Document Type : Commentary
Authors
- Parsa Faghani-Eskandarkolaei 1
- James Welsh 2, 3
- Seyed Ali Reza Mortazavi 4
- Parmis Taghizadeh 5
- Mobina Baramaki 5
- Fatemeh Shams 5
- Mohammed Nasir Abubakari 6
- Seyed Mohammad Javad Mortazavi 1, 7
- Lembit Sihver 8, 9, 10
1 Department of Medical Physics and Engineering, School of Medicine, Shiraz University of Medical Sciences, Shiraz, Iran
2 Department of Radiation Oncology, Stritch School of Medicine Loyola University Chicago, Maywood, IL, USA
3 Department of Radiation Oncology, Edward Hines Jr Veterans Affairs Hospital, Maywood, Illinois, USA
4 MVLS College, The University of Glasgow, Glasgow, Scotland, United Kingdom
5 Student Research Committee, School of Medicine, Shiraz University of Medical Sciences, Shiraz, Iran
6 Department of Medical Imaging, School of Allied health Sciences, University for Development Studies, Ghana
7 Ionizing and Non-Ionizing Radiation Protection Research Center (INIRPRC), Shiraz University of Medical Sciences, Shiraz, Iran
8 Department of Informatics & Engineering Systems, The University of Texas Rio Grande Valley, Brownsville, TX, USA
9 Department of Physics, the Harriot College of Art and Sciences East Carolina University, Greenville, NC, USA.
10 Royal Military College of Canada, Kingston, ON, Canada
Abstract
Recent advancements in cancer treatment have introduced the use of aminocyanine molecules, activated by near-infrared (NIR) light, to induce vibrational responses that can selectively destroy cancer cells.

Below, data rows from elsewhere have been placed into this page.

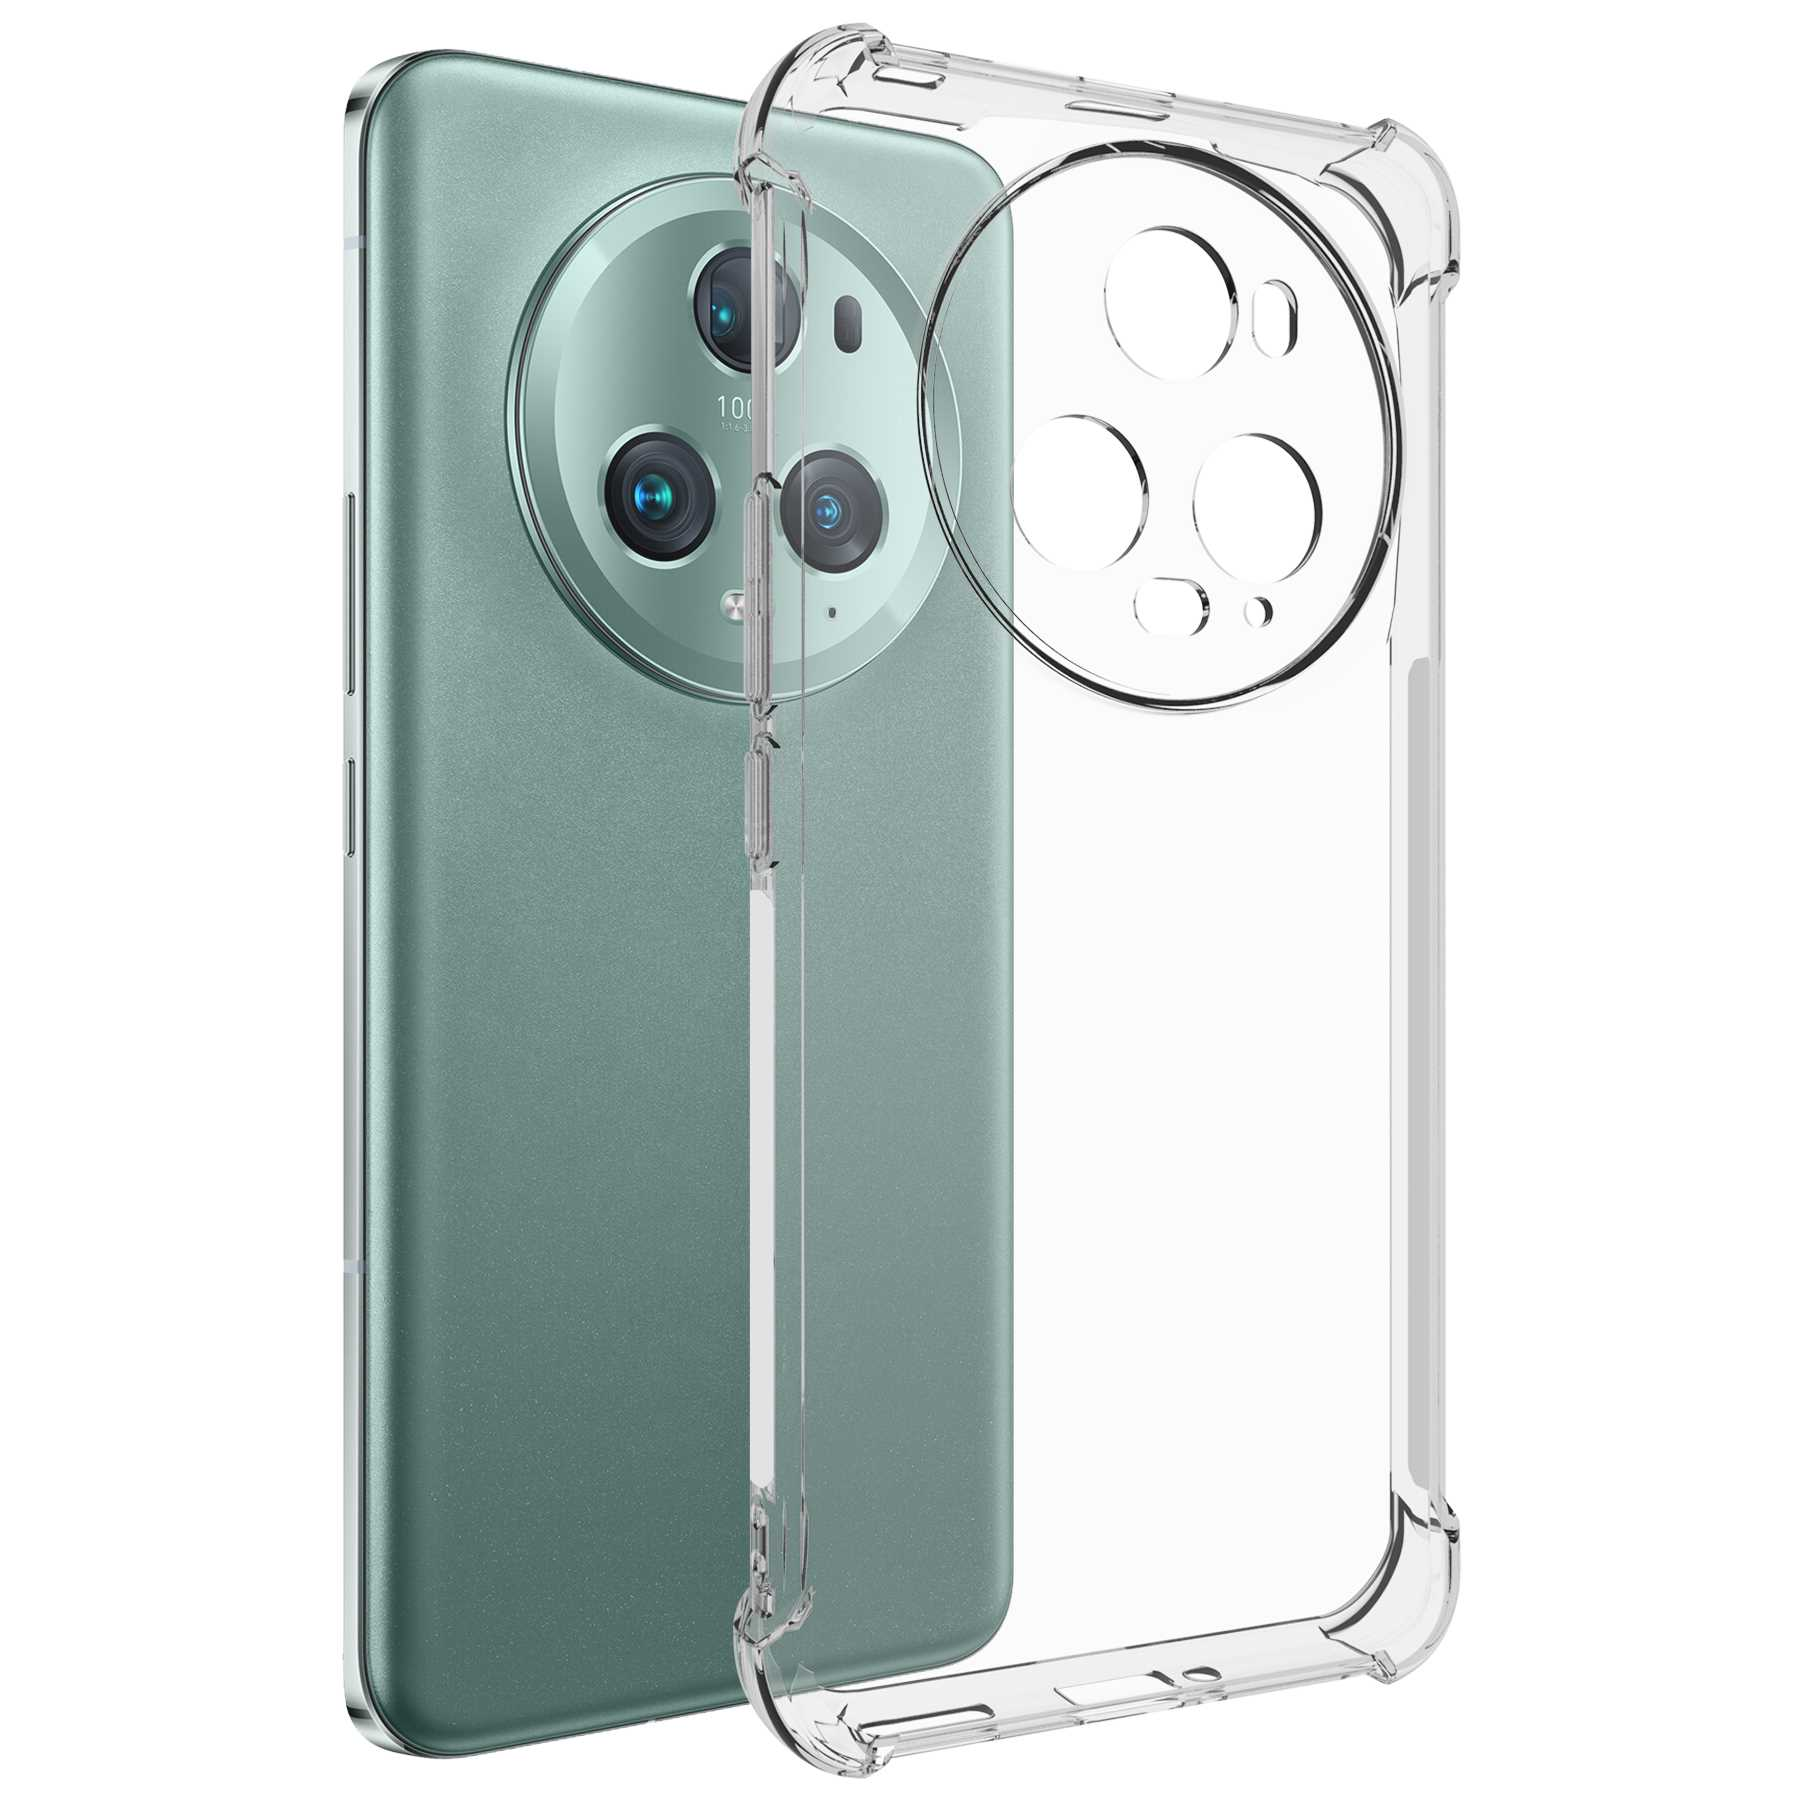 ENERGY Armor 5 Transparent Pro, Clear Backcover, Case, MORE Magic MTB Honor,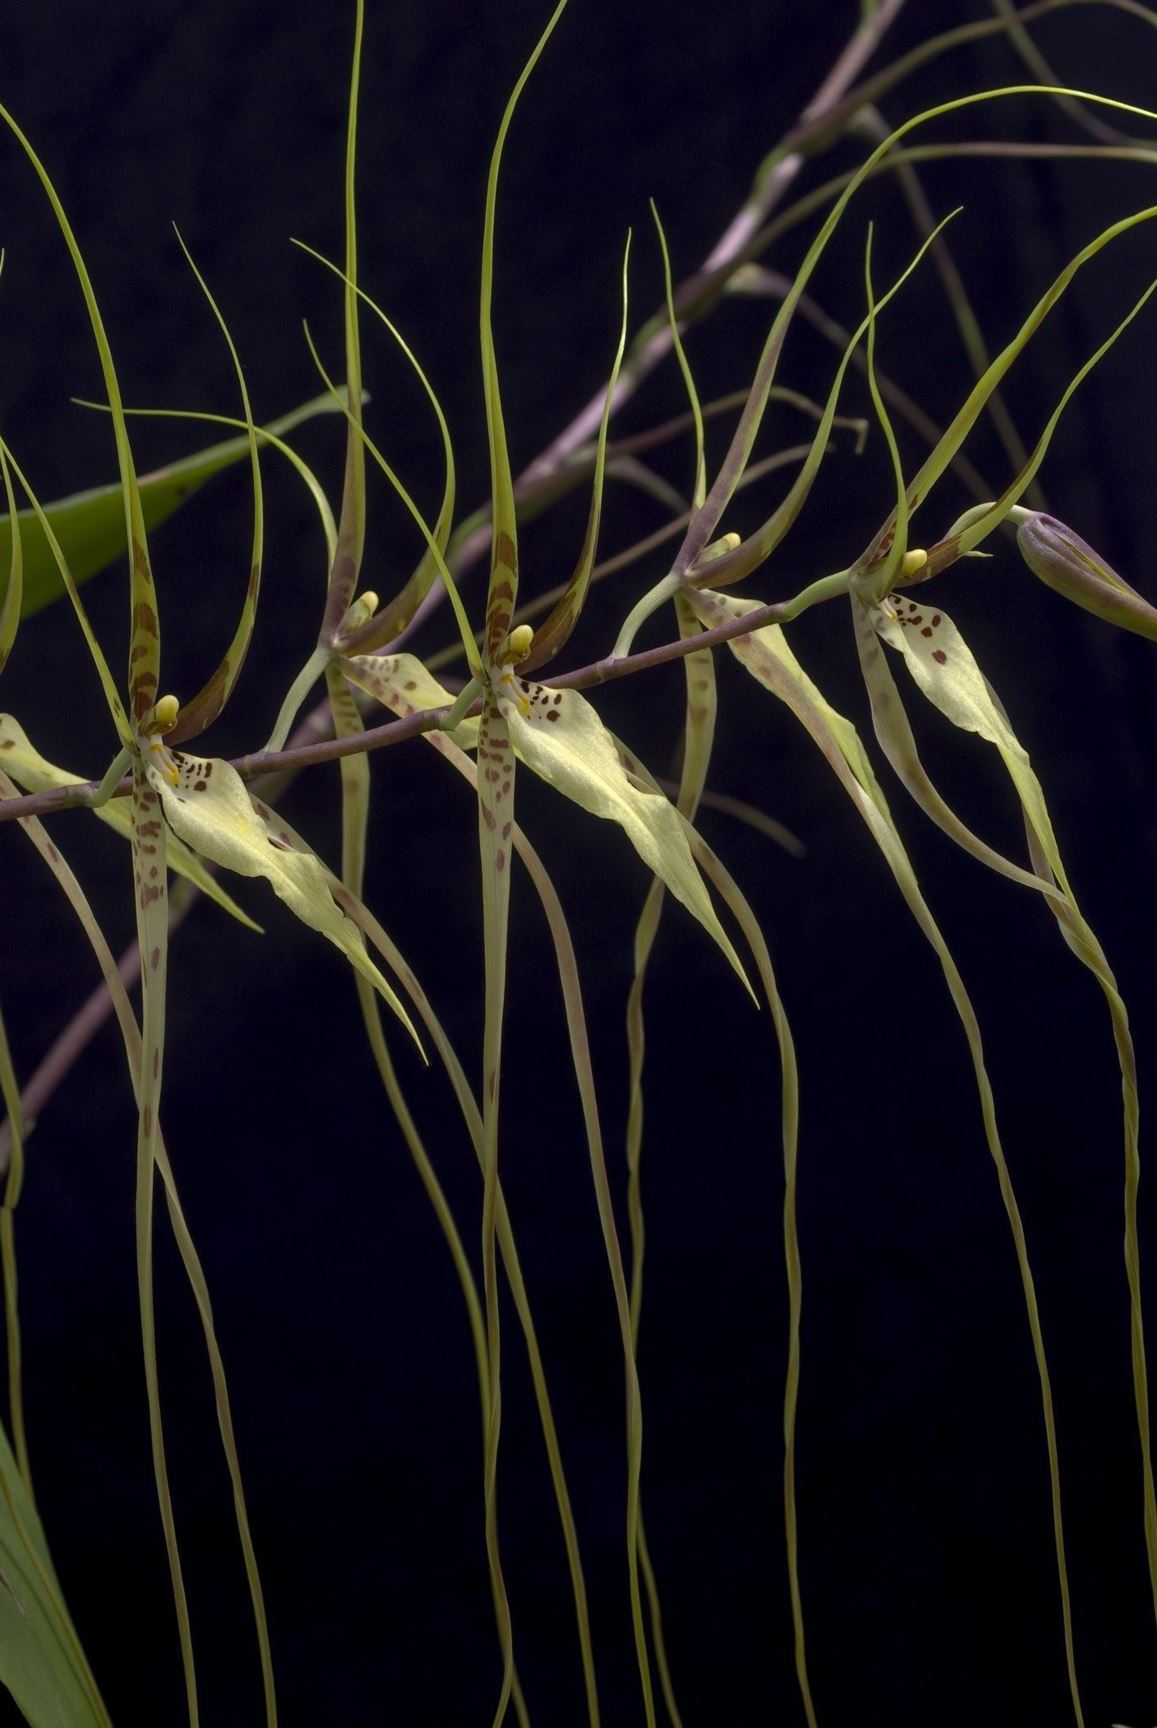 Brassia arcuigera - Arching Spider Orchid, The Arching Brassia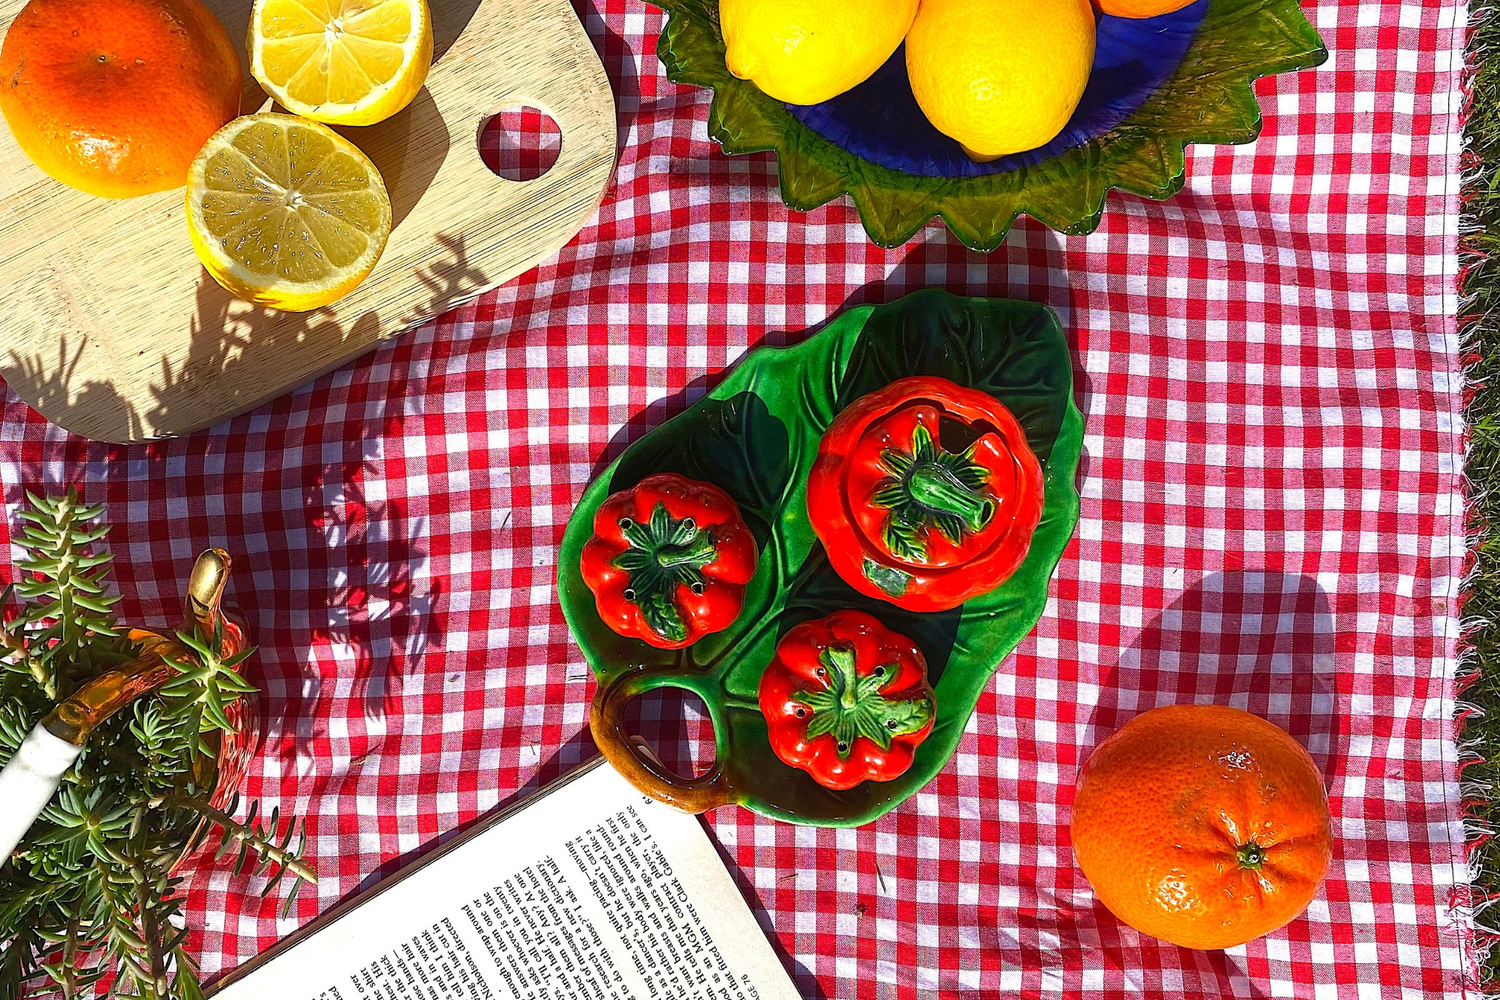 tomato shaped salt and pepper shakers viewed from above on a gingham picnic cloth

This commentary critically examines a study that reports a 99% efficacy of this method against human melanoma cells in vitro, and significant tumor reduction in murine models. While the findings are promising, our analysis highlights crucial oversights in the study’s implications for clinical applications. Specifically, the persistence of even a small fraction of cancer cells post-treatment poses significant risks for tumor regrowth and acquired resistance. Additionally, the study’s approach neglects the heterogeneity of cancer cells and the presence of cancer stem cells, which are known to contribute to recurrence and resistance. We also discuss the limitations of the Tumor Control Probability (TCP) model in predicting treatment outcomes, emphasizing that achieving near-total eradication of cancer cells is necessary to prevent recurrence. Our commentary underscores the need for comprehensive research to address these challenges and ensure the efficacy and safety of novel cancer treatments utilizing aminocyanine molecules and NIR light.
Highlights
Parsa Faghani-Eskandarkolaei (Google Scholar)
Seyed Mahammad Javad Mortazavi (Google Scholar)
Lembit Sihver (Google Scholar)
Keywords
Introduction
A recent paper in Nature Chemistry by researchers at Rice University reported that a new treatment method used by their team had a 99 percent efficiency against lab cultures of human melanoma cells, and half of the mice with melanoma tumors became cancer-free after treatment [ 1 ]. However, the report does not address the potential impact of the 1% remaining cells on regrowth, and it overlooks the role of cancer stem cells in the progression of the disease. This is akin to omitting a crucial piece of the puzzle while attempting to solve it. You might believe you’ve found the solution, but without the complete picture, you don’t truly have the answer.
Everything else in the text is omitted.